NSA and Lucifer / DES
To be fair the NSA suggested changes to DES which -as I recall - included a shorter key. Years later it was discovered that their suggestions strengthened DES, so there is a precedent. Odd course, you could argue that they thought they were weakening DES, and what happened was unexpected.
Argh (and argh also to Pet Peeve, who posted a better but still agonizingly vague summary of the story).
Really, in the time it takes to write a post like this, you could, y'know, look it up. The whole thing is in Applied Cryptography and no doubt many online sources.
1973-1975: NBS, the precursor to NIST, sends out a call for a cipher to establish as a standard. IBM creates Lucifer, as part of its research into block ciphers. (Many notables in the crypto industry were involved: Feistel, Coppersmith, etc.) IBM submits Lucifer to NBS, agreeing to license it without charge.
1975: NBS asks NSA to evaluate the algorithm and suggest changes. NSA makes various changes, in particular shortening the key (effectively to 56 bits) and changing the S-boxes. This is the NSA acting in its official "help US business" role, as DAM said. And many people were suspicious, in their public responses to NBS - contradicting RSA's ridiculous claim "hey, we all used to trust the NSA without reservation" (I paraphrase).
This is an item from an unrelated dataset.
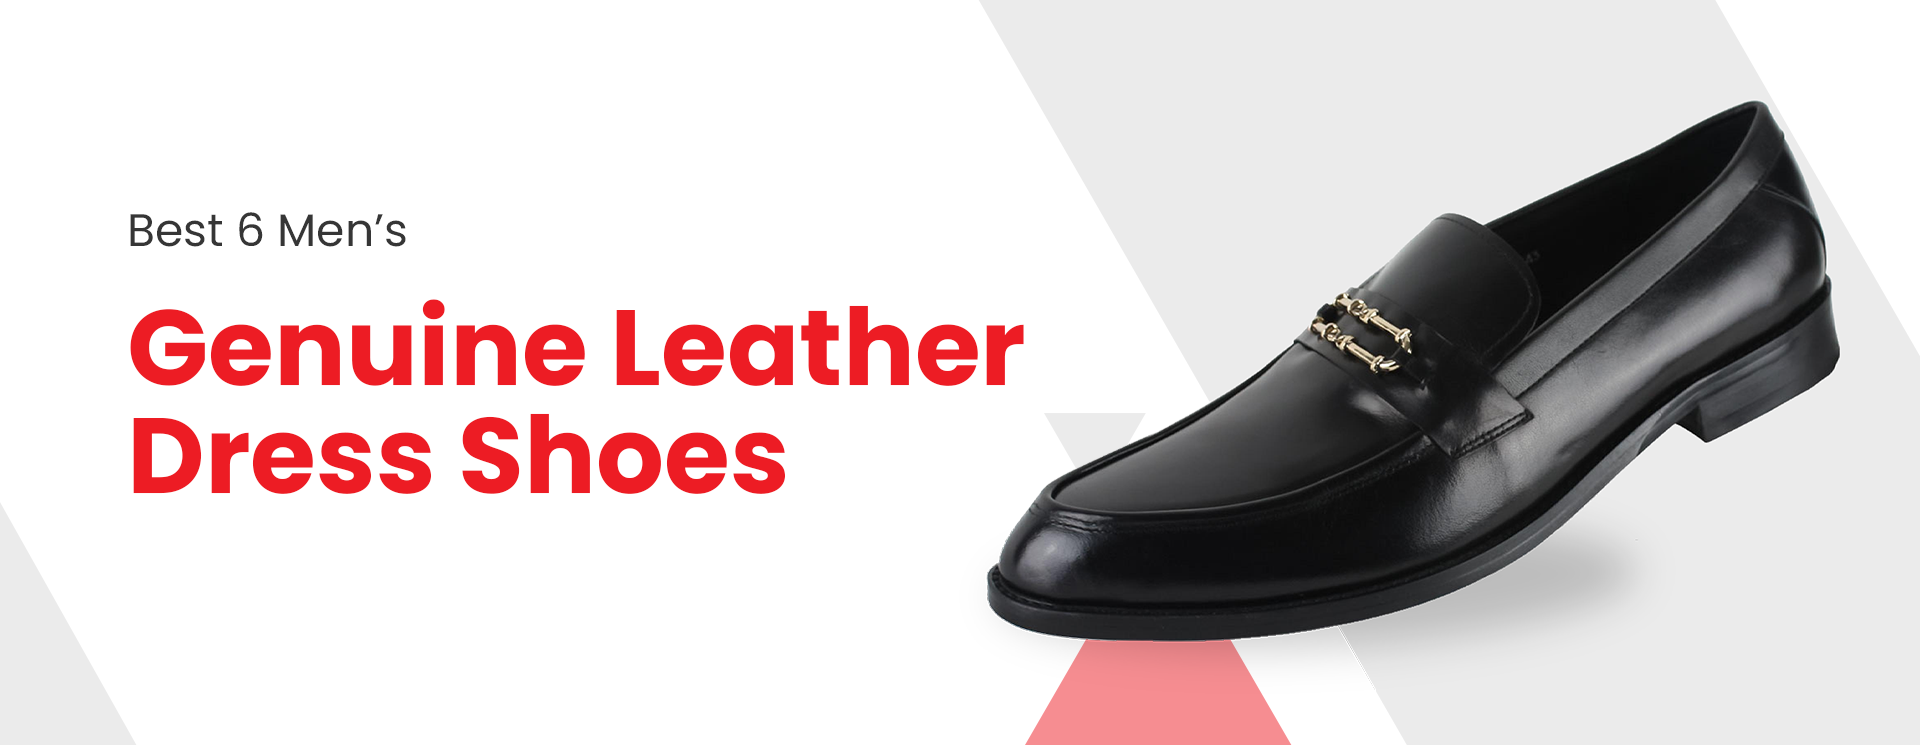 Best 6 Men’s Genuine Leather Dress Shoes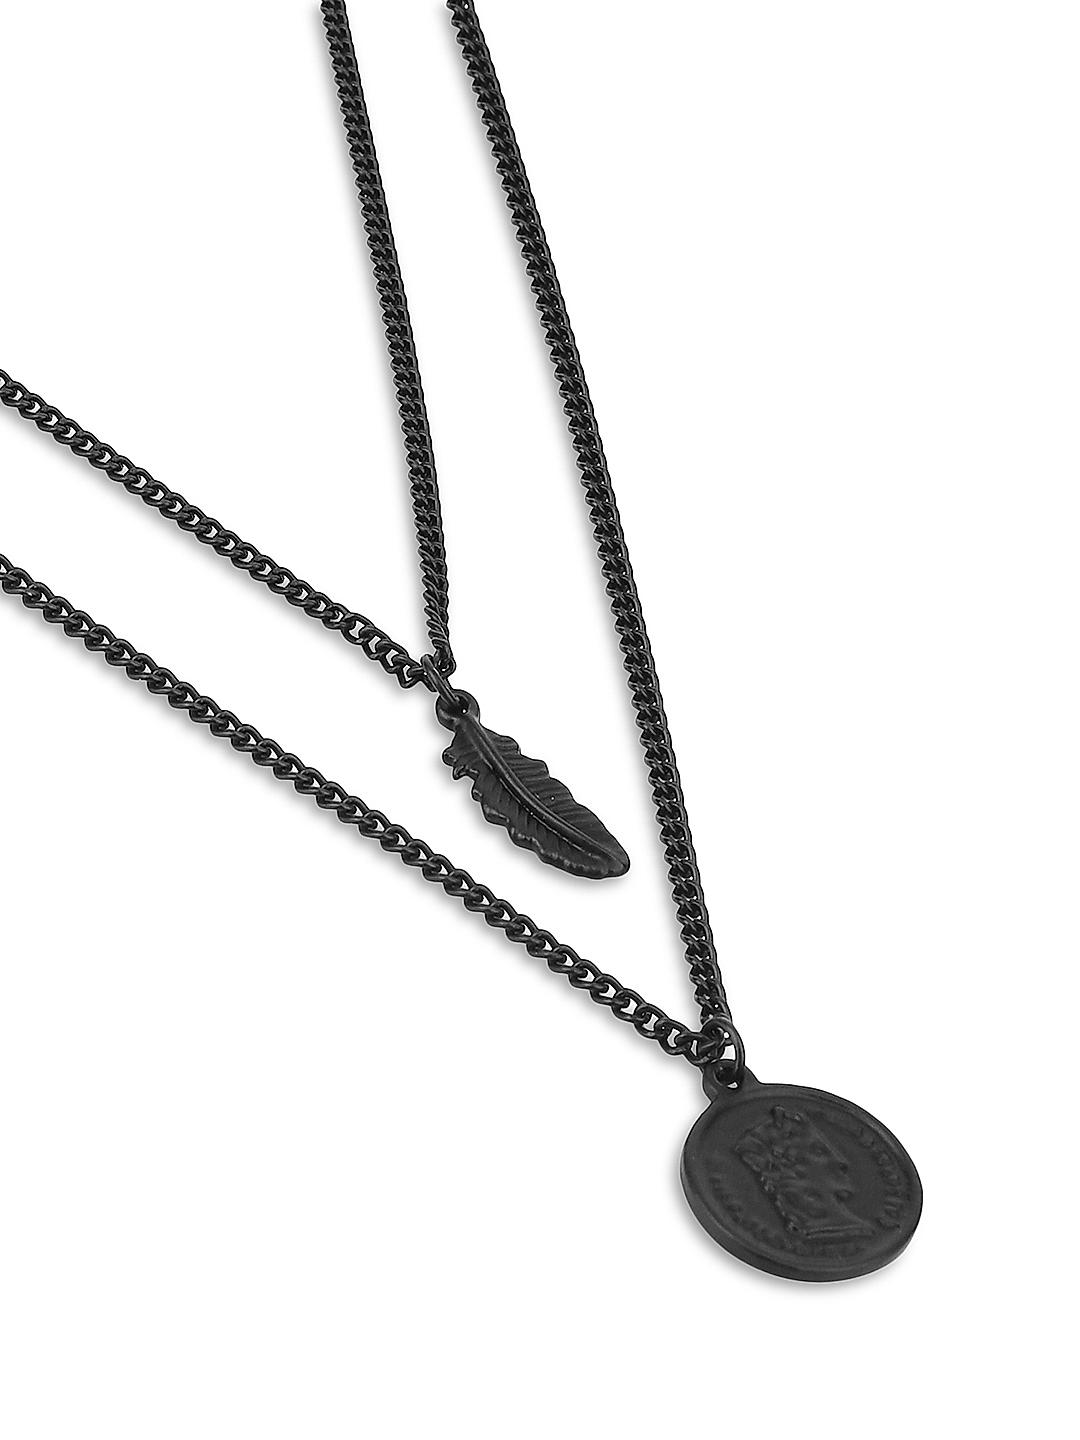 Mens Black Necklaces, Black Necklace for Men, Selection of Black Pendants  for Men, Black Onyx Necklace, Mens Jewelry by Twistedpendant - Etsy

1976-1977: NBS holds public workshops to evaluate the revised Lucifer. There is much debate, but NBS standardizes it as DES anyway.
Schneier notes: "Off the record, NSA has characterized DES as one of their biggest mistakes". Why? Because the standard described it as a hardware cryptosystem, but provided enough information to implement it in software. Apparently someone high up at NSA thought DES would only ever appear in hardware, which would be much easier to keep under export control.
In the '80s, various other groups (ANSI, some ISO working groups) adopted DES as a general standard, or as part of other standards. It became entrenched (later in 3DES form to fix the short key).
1977-1981: Various researchers show just how vulnerable DES's short key is. Specifically, they come up with informed estimates for DES brute-force cracking machines (between $5m and $50m) and estimate how long such a machine would take to crack a ciphertext (on the order of a few days; remember this is for circa 1980). There's widespread suspicion that NSA shortened the key so well-funded adversaries (i.e., the NSA) could decrypt communications they felt were particularly interesting.
There was also a lot of worry that DES was a group, possibly a pure or even closed group; that would make multiple-encryption pointless (3DES would be no stronger than DES), and if closed would cut the effective key length in half, to 28 bits (via a meet-in-the-middle attack). The associated concern was that the NSA knew DES was a group, and possibly had made it a group by mucking with the S-boxes. In 1992 this was publicly disproven (DES is not a group), and Coppersmith says IBM always knew it wasn't a group, but kept the details secret (because, hey, they're IBM).
What about those S-boxes? They're the non-linear part of DES, and the only real security. Each S-box is a substitution table with a 6-bit input and a 4-bit output. IBM submitted Lucifer with one set of S-boxes; the NSA sent it back with a different set. IBM couldn't find anything wrong with the NSA's set. Some found this worrying.
Did the NSA use subtly-weak S-boxes (i.e., ones with hidden algebraic structure) so they could break DES? Did they change the S-boxes because they were worried IBM might have put a similar backdoor in their original set? Did they know something that wasn't in the published literature?
In 1990, we got a strong indication that the answer to the last question was "yes", when Biham and Shamir published their work on differential cryptanalysis. DES is "vulnerable" to DC, in the sense that there are better-than-brute-force attacks against DES with DC. But the S-boxes in DES turn out to be optimized against DC. What a coincidence! Coppersmith has said that IBM and NSA knew about DC back when DES was created.
In 1993, Matsui published on linear cryptanalysis. It turns out the DES S-boxes are not optimized against LC. You can crack stock DES with around 243 known plaintexts using LC.
So: Did the NSA not know about LC in 1976? Did they know about it, and keep it as their own backdoor? Did they know about it, but also know about something worse that made it impossible to optimize the S-boxes against both DC and LC and mystery-analysis? Only their tobaccanist knows for sure.
tl;dr: The NSA both strengthened and weakened DES, almost certainly deliberately. Their involvement was always controversial.